In Poland, Lidl Polska is offering 1,500 new jobs to refugees across the country. It is looking for store and warehouse workers as well as white-collar workers in the company headquarters. Job announcements will be published both in Polish and in Ukrainian. Ukrainian employees will also be offered the opportunity to attend Polish language courses.
- ERM restructuring events database: Civinity (Lithuania)
- ERM restructuring events database: Cili Pizza (Lithuania)
- ERM restructuring events database: Lidl Lietuva (Lithuania)
- ERM restructuring events database: Lidl Polska (Poland)
Solidarity with Ukrainians is being shown at EU level too. In March, the European Commission launched the European Research Area for Ukraine (ERA4Ukraine) portal: a website where Ukraine-based researchers and researchers fleeing Ukraine can find information about housing and job opportunities in the EU, as well as support in the recognition of their diplomas.

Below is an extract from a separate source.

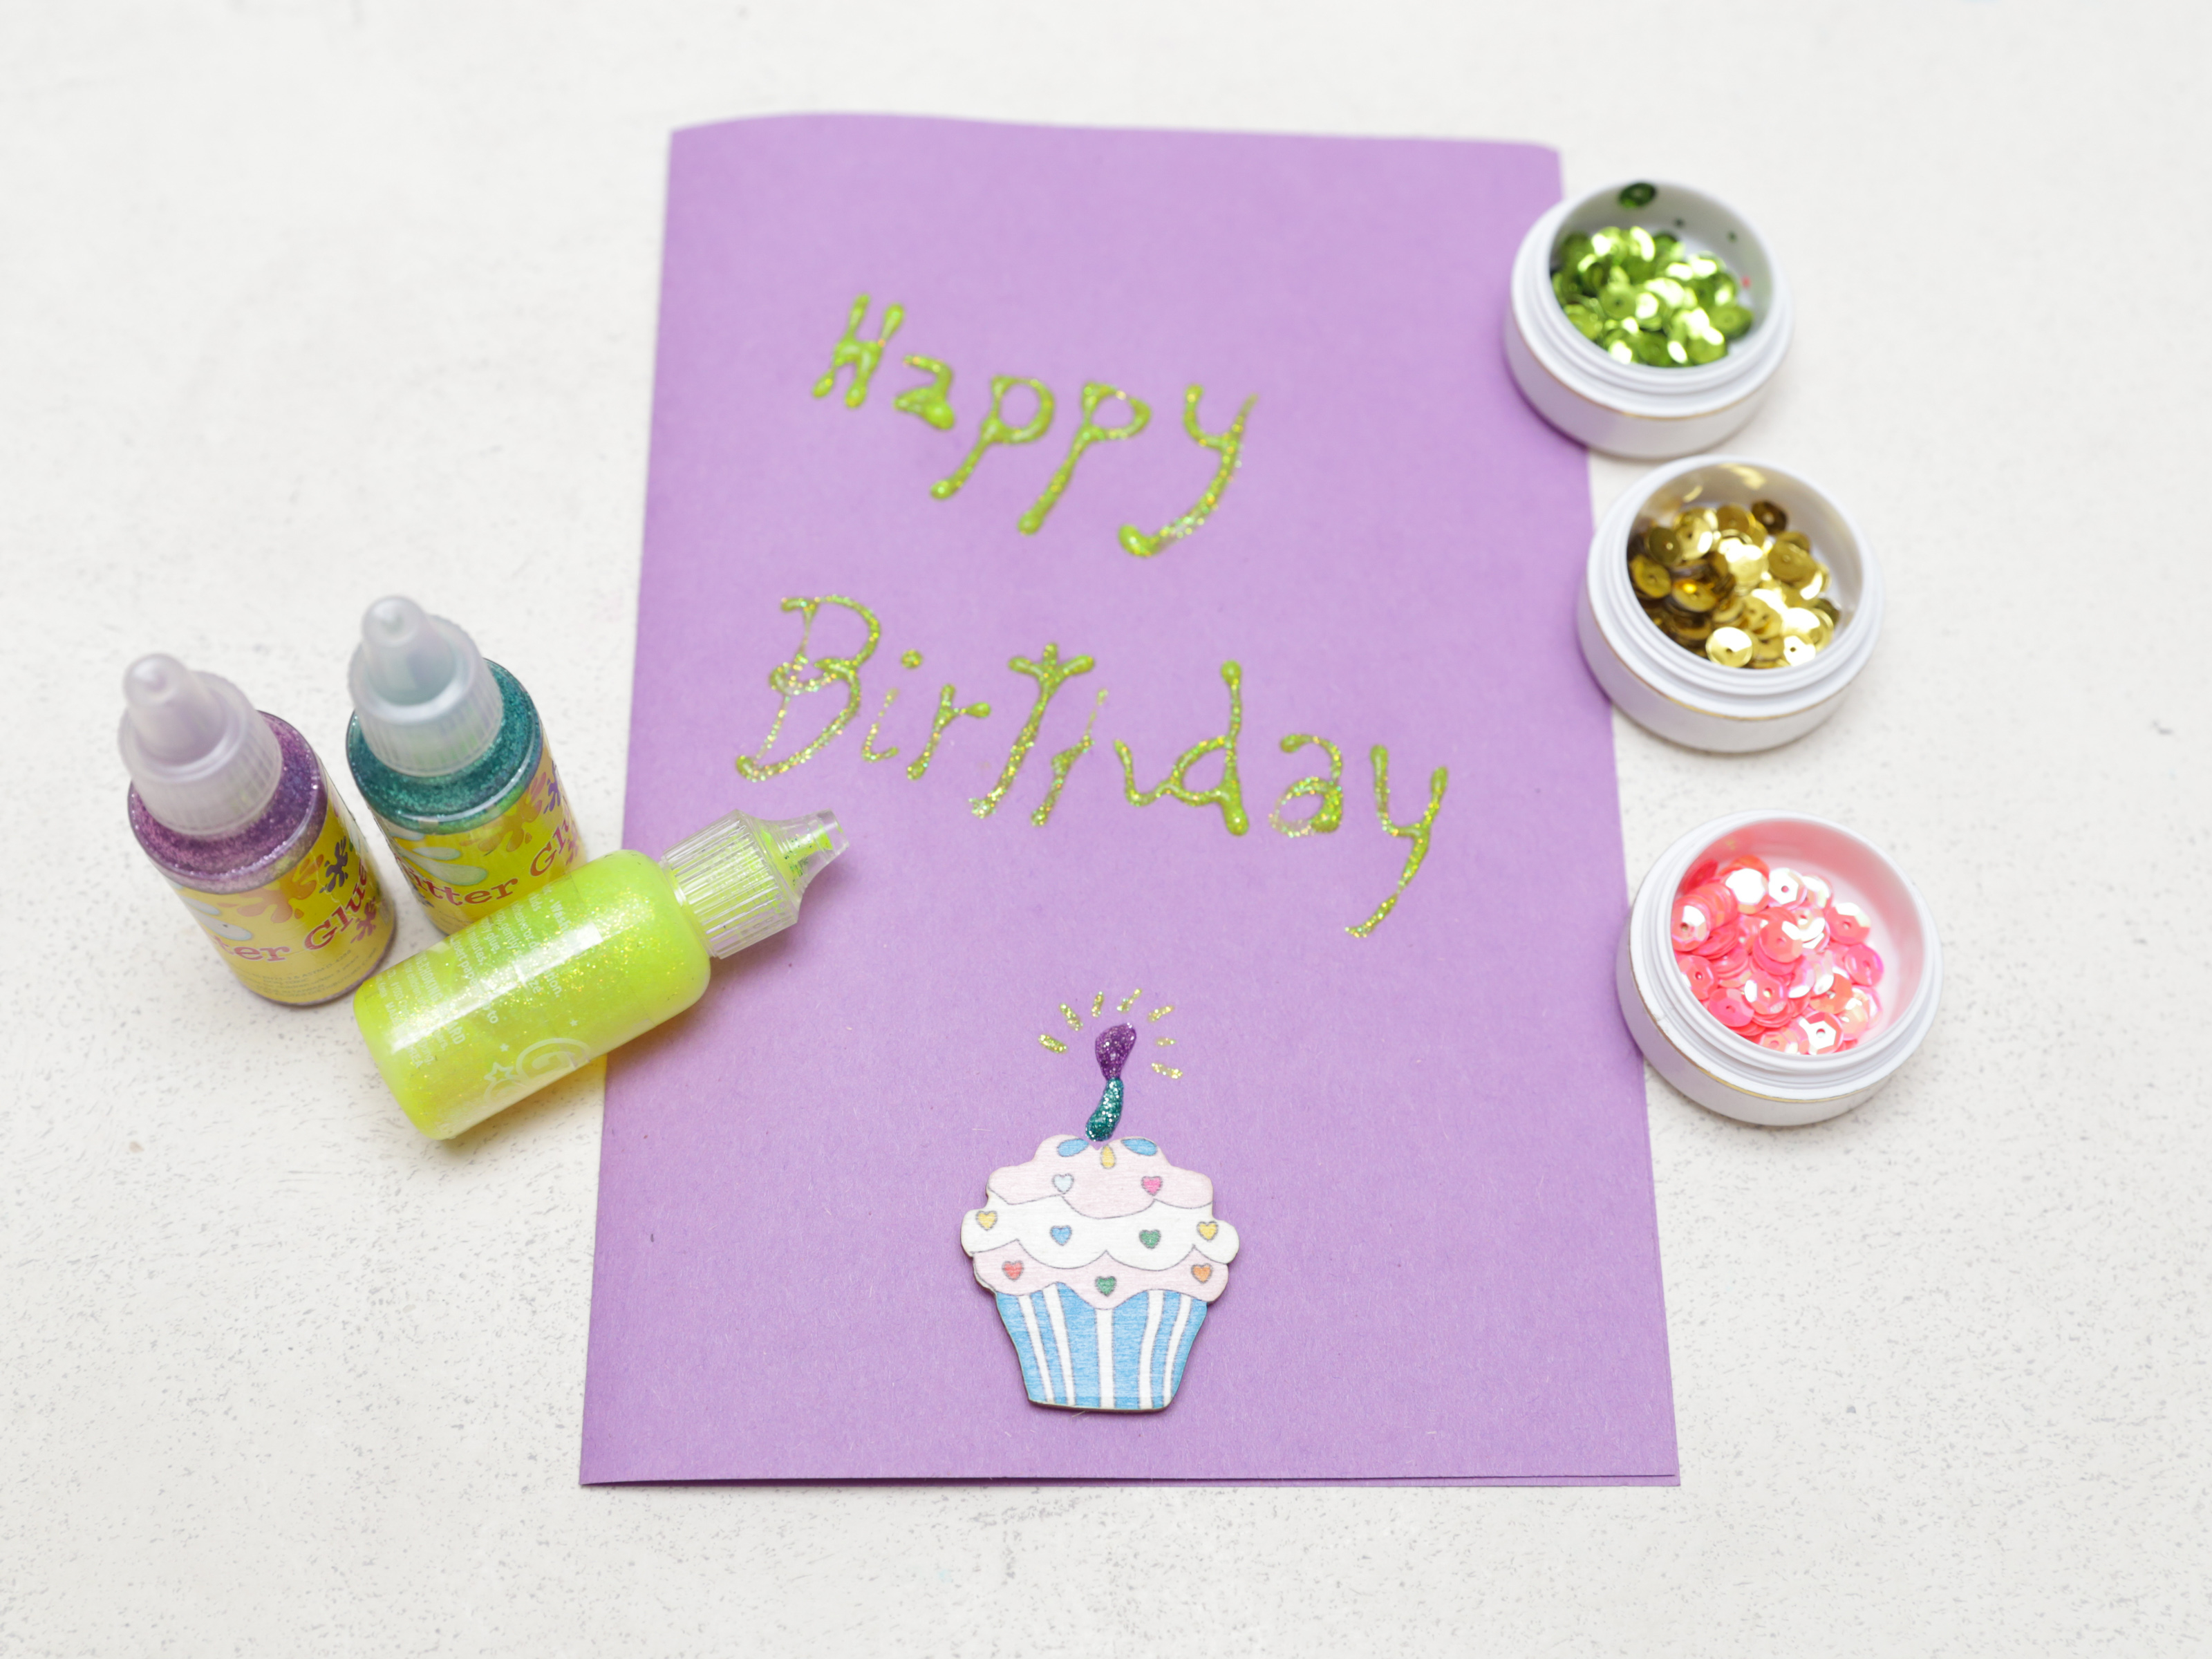 Homemade Birthday Card Ideas For Mom From Daughter How To Make A Simple Handmade Birthday Card 15 Steps

European Commission: ERA4Ukraine
Job loss from bank closure
There is also job loss as a result of the EU blocking some Russian banks from various parts of the global financial system. Sberbank Russia, one of the country’s biggest lenders, will leave the European market. The announcement came after the European Central Bank (ECB) ordered the closure of the bank’s European arm, Sberbank Europe, because of big cash outflows following Russia's invasion of Ukraine.
The bank’s unit in Czechia, Sberbank CZ , announced its closure on 28 February following a run on customer deposits, which led to a deterioration in its liquidity. As a result, over 700 employees will lose their jobs across the country. The positions lost include managers, data experts, IT specialists and traditional banking roles. Dismissals will start at the end of the second quarter of 2022. The Czech National Bank has started the process to revoke Sberbank CZ’s licence to operate in Czechia.
ERM Restructuring events database: Sberbank (Czechia)
Knock-on effects of escalating energy and food prices
One consequence of the war is that energy and food prices are rising dramatically across Europe. As a result, several companies are experiencing an increase in the cost of raw materials and a need to adjust production and employment levels.
Kaisiadoriu Paukstynas, a Lithuanian company in the food-manufacturing sector, is cutting 200 jobs in its farm in Kaišiadorys, where 629 people are employed. According to the management, the farm is currently paying twice as much for electricity and five times as much for gas compared to the same period in 2021. Moreover, the price of wheat feed for poultry has increased from €150 to around €420 per tonne. Current production levels are no longer sustainable, and the company is to cut production by one-fifth.
ERM restructuring events database: Kaisiadoriu Paukstynas (Lithuania)
War’s impact only just beginning
These are just a few examples of the socioeconomic consequences of Russia’s war in Ukraine. Many European companies are reacting to the Ukrainian crisis by supporting refugees and offering them job opportunities, allowing them at least temporarily to settle into a new life outside their home country and integrate in a new one. However, companies will also have to face the repercussions on employment due to economic sanctions, disrupted supply chains and resource flows, and their inevitable inflationary consequences. In this complex scenario, the European Restructuring Monitor will continue to capture and monitor the broader economic effect of the war and its impact on restructuring in all of Europe.
Image © European Union, 2022
Research carried out prior to the UK’s withdrawal from the European Union on 31 January 2020, and published subsequently, may include data relating to the 28 EU Member States. Following this date, research only takes into account the 27 EU Member States (EU28 minus the UK), unless specified otherwise.